In enzymology, a pyranose oxidase is an enzyme that catalyzes the chemical reaction

D-glucose + O_{2} $\rightleftharpoons$ 2-dehydro-D-glucose + H_{2}O_{2}

Thus, the two substrates of this enzyme are D-glucose and O_{2}, whereas its two products are 2-dehydro-D-glucose and H_{2}O_{2}.

Pyranose oxidase is able to oxidize D-xylose, L-sorbose, D-galactose, and D-glucono-1,5-lactone, which have the same ring conformation and configuration at C-2, C-3 and C-4.

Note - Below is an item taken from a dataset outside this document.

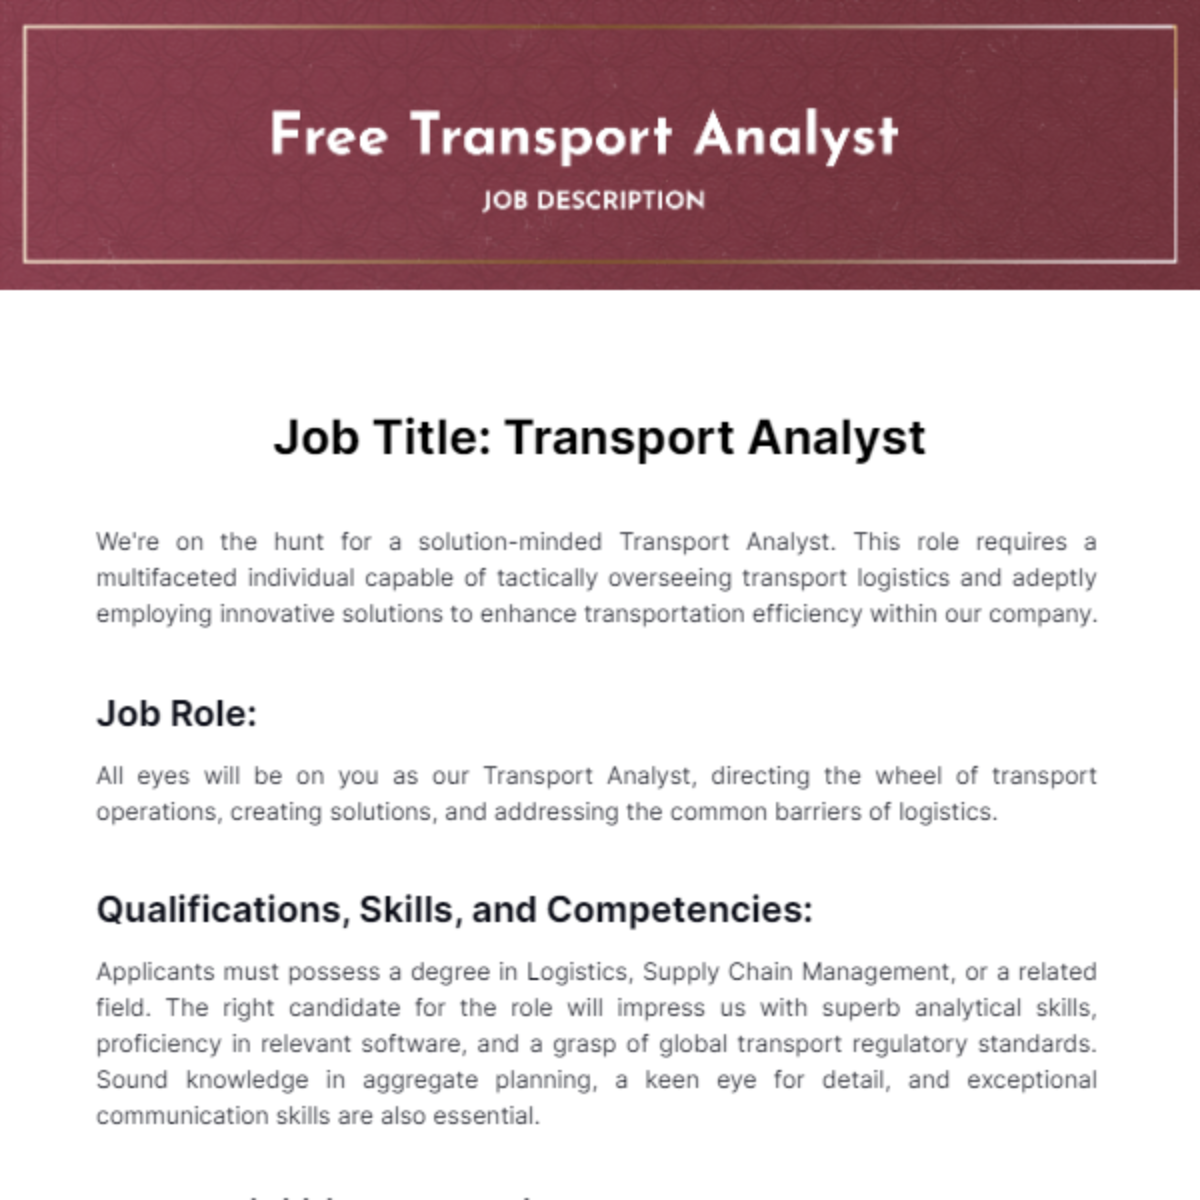 Transport Analyst Job Description Template

This enzyme belongs to the family of oxidoreductases, specifically those acting on the CH-OH group of donor with oxygen as acceptor. The systematic name of this enzyme class is pyranose:oxygen 2-oxidoreductase. Other names in common use include glucose 2-oxidase, and pyranose-2-oxidase. This enzyme participates in pentose phosphate pathway. It employs one cofactor, FAD.

==Structural studies==

As of late 2007, 8 structures have been solved for this class of enzymes, with PDB accession codes , , , , , , , and .

== Use in biosensors ==
Pyranose oxidase produce higher power output than does glucose oxidase. It is also easier to express in high yields using E. coli.